Faculty and trainees in the Duke Department of Neurology contributed to three new peer-reviewed studies in peer-review journals published in September. Those studies included an examination of the characteristics of epilepsy in alternating hemiplegia of childhood, a new study examining how neurotransmitter levels in the brain differ in patients with and without Alzheimer’s, and an early examination of how patients with myasthenia gravis respond to a new form of treatment. Read about each of those articles, and find links to the original research, in the paragraphs below.

 

Movement Disorders

  • Alternating hemiplegia of childhood (AHC) is a rare neurologic disorder characterized by recurrent episodes of hemiplegia, double hemiplegia, dystonia, and, often, epilepsy.
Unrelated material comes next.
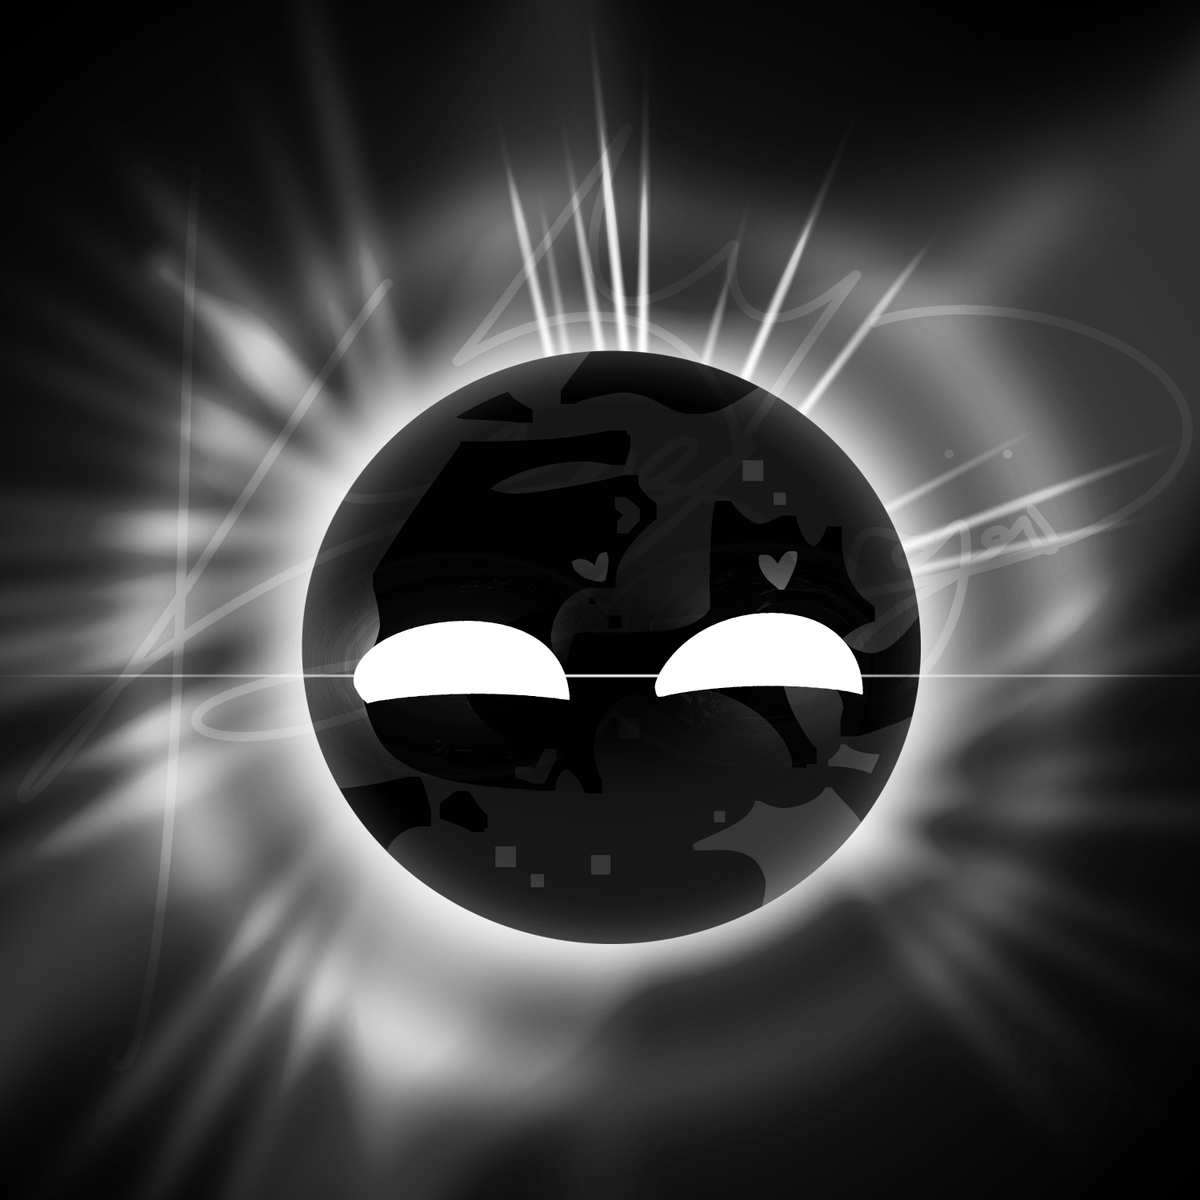 old solar eclipse art i never finished
#solarballs
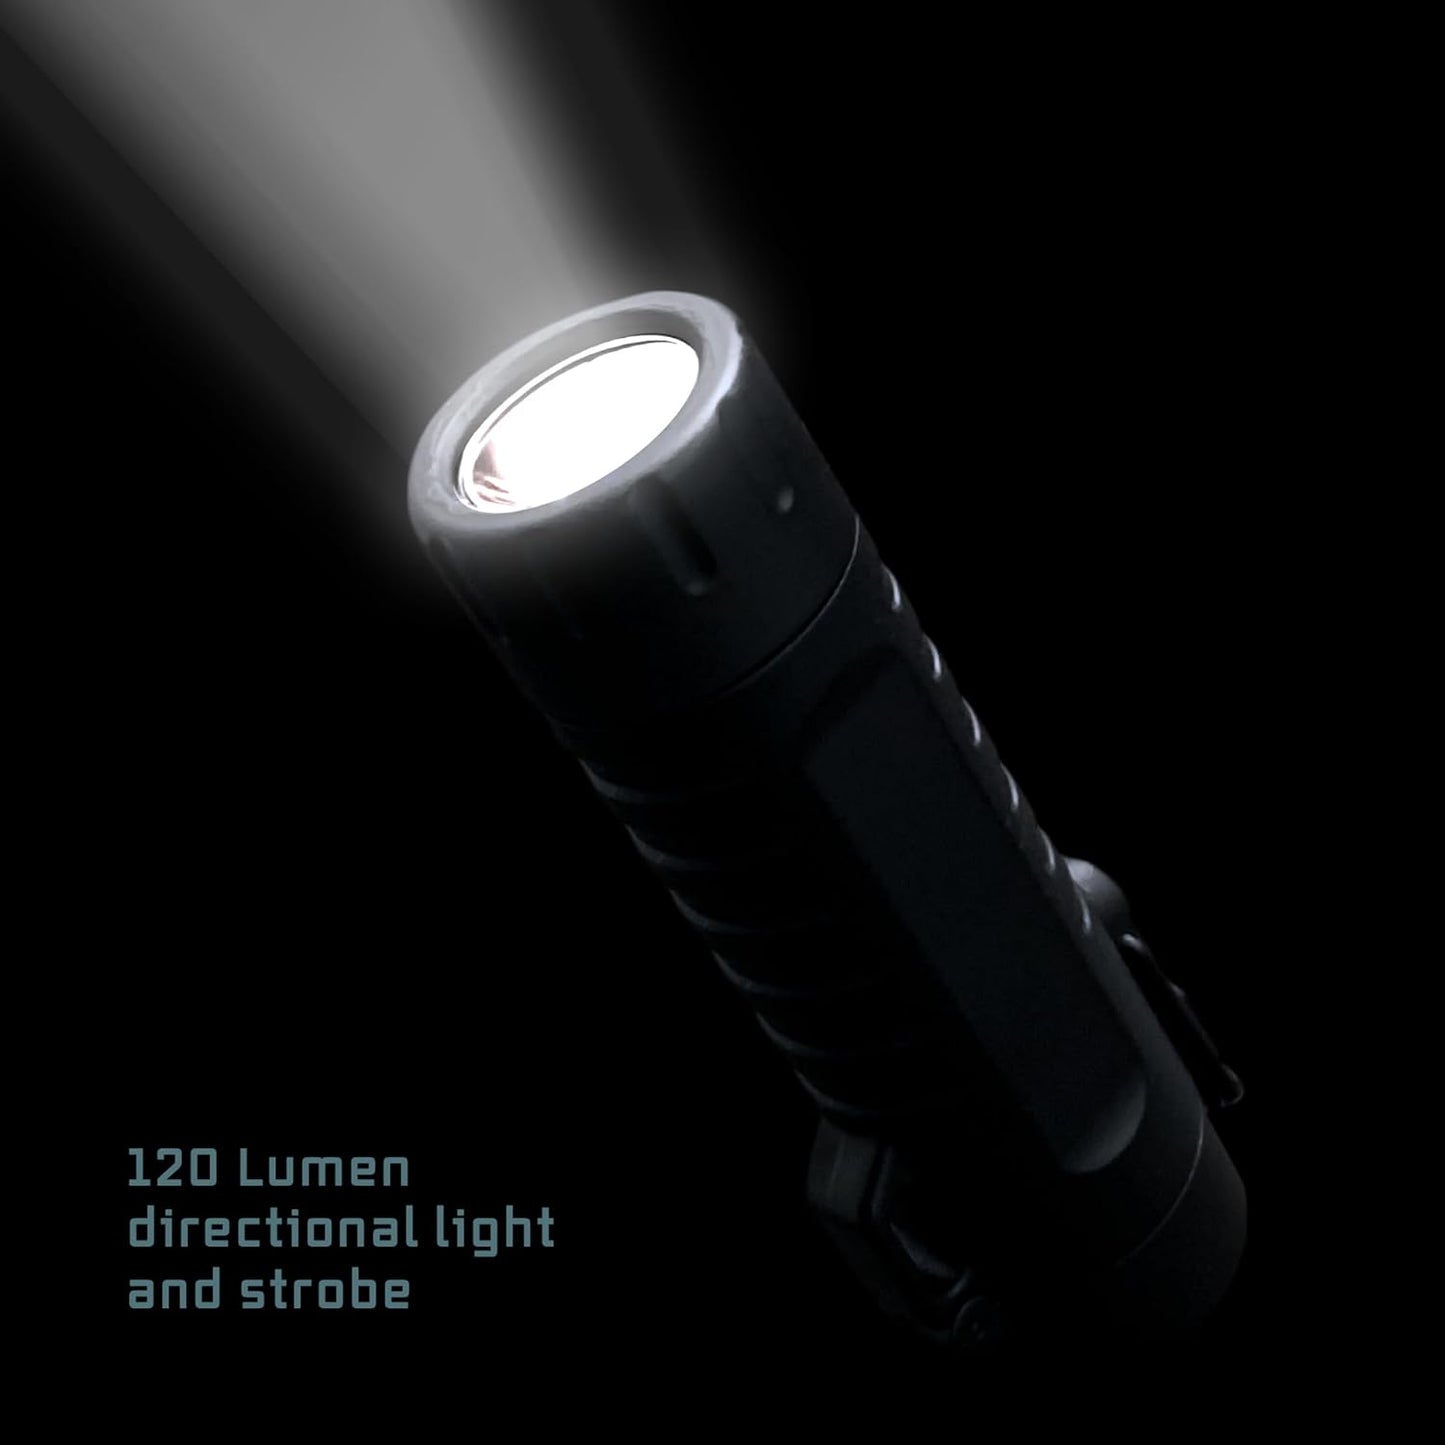 Plasma Lighter - Rechargeable Mini Flashlight - Camping Essentials

However, much about epilepsy in patients with this condition, such as seizure types and localizations, EEG characteristics, characteristics of status epilepticus and other complications, have not been fully explored. Movement Disorders Fellow Ashley Helseth, MD, PhD, and colleagues from Duke Pediatrics contributed to a study reporting on the epileptology of alternating hemiplegia of childhood, (AHC) examining characteristics of 51 AHC patients. The article in Neurology provides important details about the pathology and best treatment options for this condition. Read it here.

Memory Disorders

  • Richard O’Brien, MD, PhD, contributed to a new IOS Press article that examined associations between the pathology of Alzheimer’s disease (AD) and the metabolism of non-cholinergic neurotransmitters. The team obtained samples from individuals with and without AD and individuals who were cognitively normal but who had significant AD pathology. Twelve of the 15 metabolites they studied were associated with AD pathology, while dopamine appeared to be depleted in brains with AD pathology but intact cognition. Read the results of that study here.

Neuromuscular Disease

  • A new study reported on the longitudinal results of an open-label trial of therapeutic plasma exchange in myasthenia gravis (MG), finding rapid, significant improvements at two weeks in a variety of validated, MG-specific measures of function and quality of life. Lead authors Shruti Raja, MD, and Jeffrey Guptill, MD, MA, and co-authors Vern Juel, MD, and Janice Massey, MD contributed to the study, which appears here in the latest issue of Annals of Clinical and Translational Neurology.